Windows: "PDF error: Couldn't open file" with some unicode filenames

jwilk-archive / pdf2djvu

PDF to DjVu converter

GNU General Public License v2.0

94 stars 17 forks source link

Windows: "PDF error: Couldn't open file" with some unicode filenames #111

Open jwilk opened 9 years ago

jwilk commented 9 years ago

Issue reported by 40a at Bitbucket:

I'm using pdf2djvu.exe on windows 8.1. I have noticed that for all pdf files that contain "ی" character (U+06CC) in their names I get the following error:

>>>F:\Software\Media\PDF\pdf2djvu-0.8.2/pdf2djvu.exe --output="E:\out.djvu" "E:\ی.pdf"
PDF error: Couldn't open file 'E:\ÙŠ.pdf': No such file or directory.
Unable to load document

>>>"E:\ی.pdf"

>>>

When running the filepath directly ("E:\ی.pdf") it works fine and causes the file to be opened in Adobe Reader. So I suspect that the issue is caused by the way pdf2djvu decodes its arguments.

I already have tried using the chcp 65001 command to change the cmd's codepage to utf-8, but still the same error, only the shape of the mojibake in the error message changes.

Currently I have found no way around this but to rename the file to something else and then do the conversion.

jwilk commented 9 years ago

Thanks for the bug report.

pdf2djvu doesn't itself perform any conversions on the arguments. The C runtime does covert from Unicode command-line to byte-based argv[], using the ANSI codepage as encoding. If it does it wrong, as seem to be the case here, there's not much we can do about it.

chcp doesn't help, because it only changes console codepage, not the ANSI codepage.

Anyway, I wrote a small test program that should show what's exactly going on here.

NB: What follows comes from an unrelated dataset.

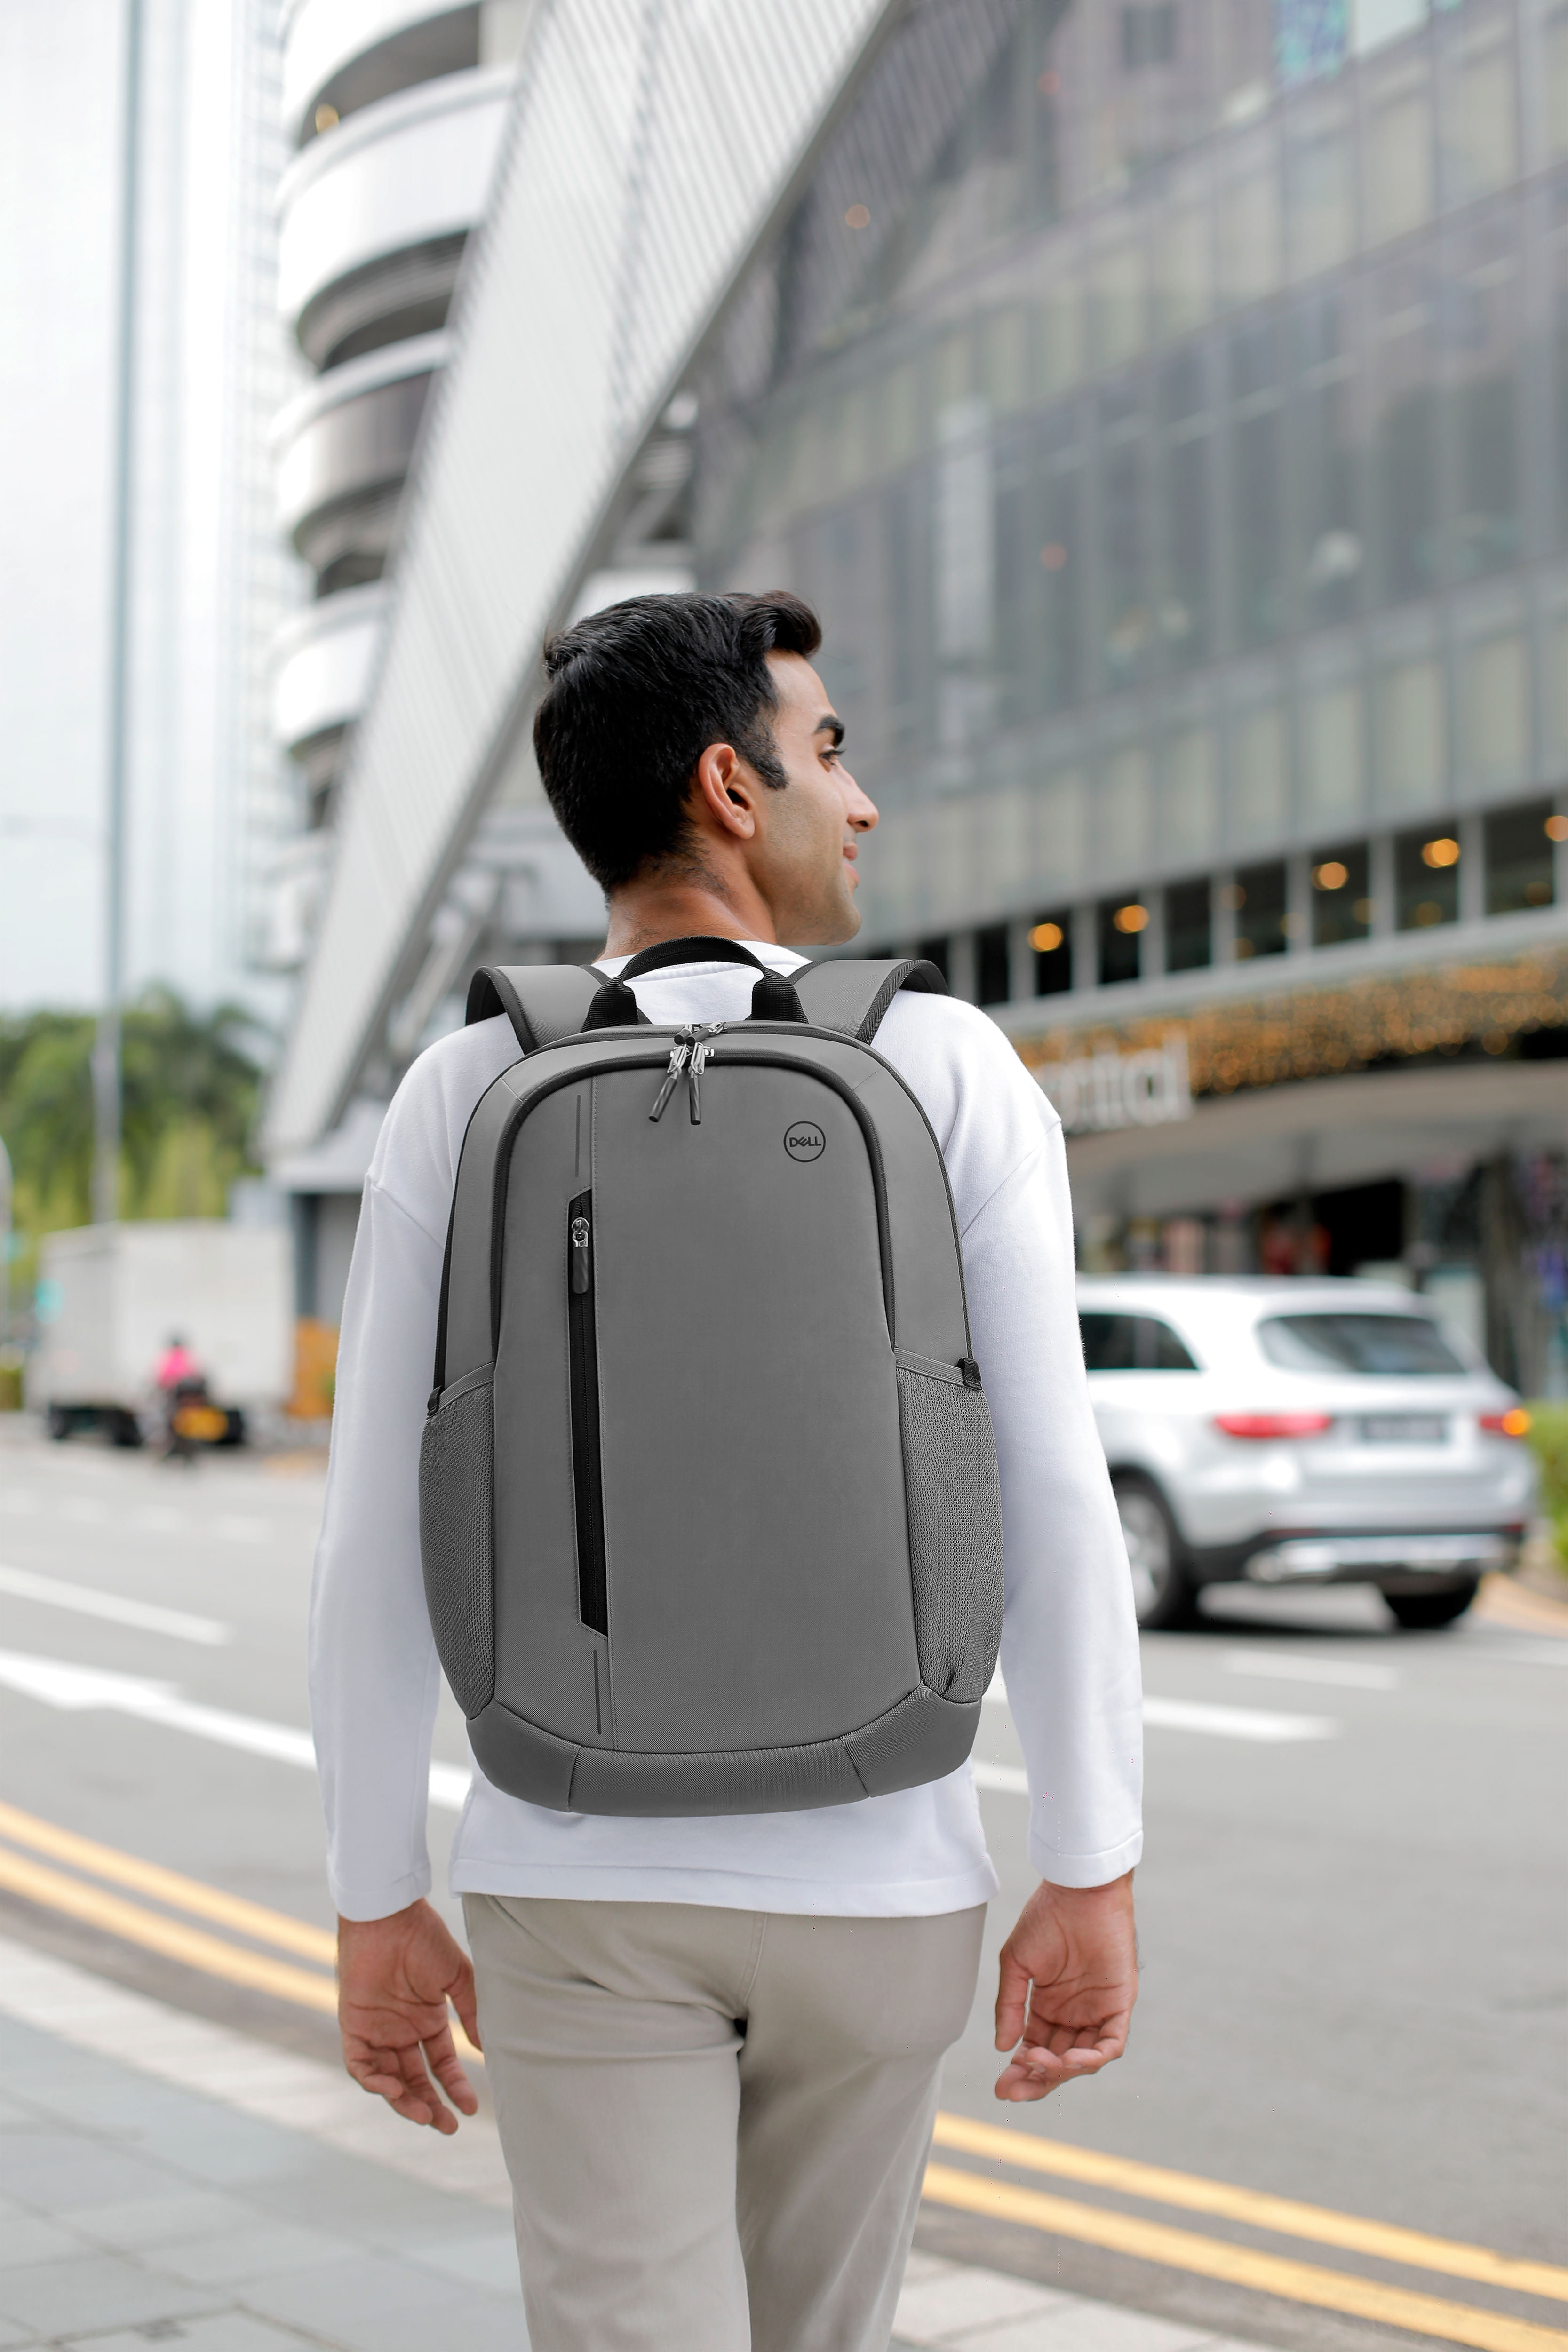 Dell EcoLoop Urban Backpack Up To 15

Could you run it with "E:\ی.pdf" as the argument, and paste the output?

Attachment: testencoding.zip

jwilk commented 9 years ago

Source of the test program:

#include <stdio.h>
#include <sys/stat.h>
#include <windows.h>

int main(int argc, char **argv)
{
    struct stat st;
    int rc;
    int i;
    printf("GetACP() = %d\n", GetACP());
    printf("GetConsoleOutputCP() = %d\n", GetConsoleOutputCP());
    for (i = 1; i < argc; i++) {
        printf("argv[%d] = \"", i);
        const char *p = argv[i];
        while (*p)
            printf("\\x%02X", (unsigned char)*p++);
        printf("\"\n");
        rc = stat(argv[i], &st);
        printf("stat(argv[%d]) = %d", i, rc);
        if (rc != 0)
            printf(" (%s)", strerror(errno));
        printf("\n");
    }
    wchar_t **argvw;
    int argcw;
    argvw = CommandLineToArgvW(GetCommandLineW(), &argcw);
    if (argvw == NULL) {
        fprintf(stderr, "CommandLineToArgvW() failed\n");
        return 1;
    }
    for (i = 1; i < argcw; i++) {
        printf("argvw[%d] = L\"", i);
        const wchar_t *p = argvw[i];
        while (*p)
            printf("\\u%04X", *p++);
        printf("\"\n");
        rc = wstat(argvw[i], &st);
        printf("wstat(argvw[%d]) = %d", i, rc);
        if (rc != 0)
            printf(" (%s)", strerror(errno));
        printf("\n");
    }
    return 0;
}

/* vim:set ts=4 sts=4 sw=4 et:*/

jwilk commented 9 years ago

Comment submitted by 40a at Bitbucket:

Thank you. I see. AFAIK non of the Microsoft defined codepages contain the character "ی".

Here is the output:

F:\Downloads>testencoding.exe "E:\ی.pdf"
GetACP() = 1256
GetConsoleOutputCP() = 720
argv[1] = "\x45\x3A\x5C\xED\x2E\x70\x64\x66"
stat(argv[1]) = -1 (No such file or directory)
argvw[1] = L"\u0045\u003A\u005C\u06CC\u002E\u0070\u0064\u0066"
wstat(argvw[1]) = 0

jwilk commented 9 years ago

U+06CC (ARABIC LETTER FARSI YEH) cannot be represented in CP1256, which is your ANSI codepage. Apparently the C runtime converts the character to 0xED, which is U+064A (ARABIC LETTER YEH).

That's going to be tough to fix. :-\

But I'll try at least improve the error message.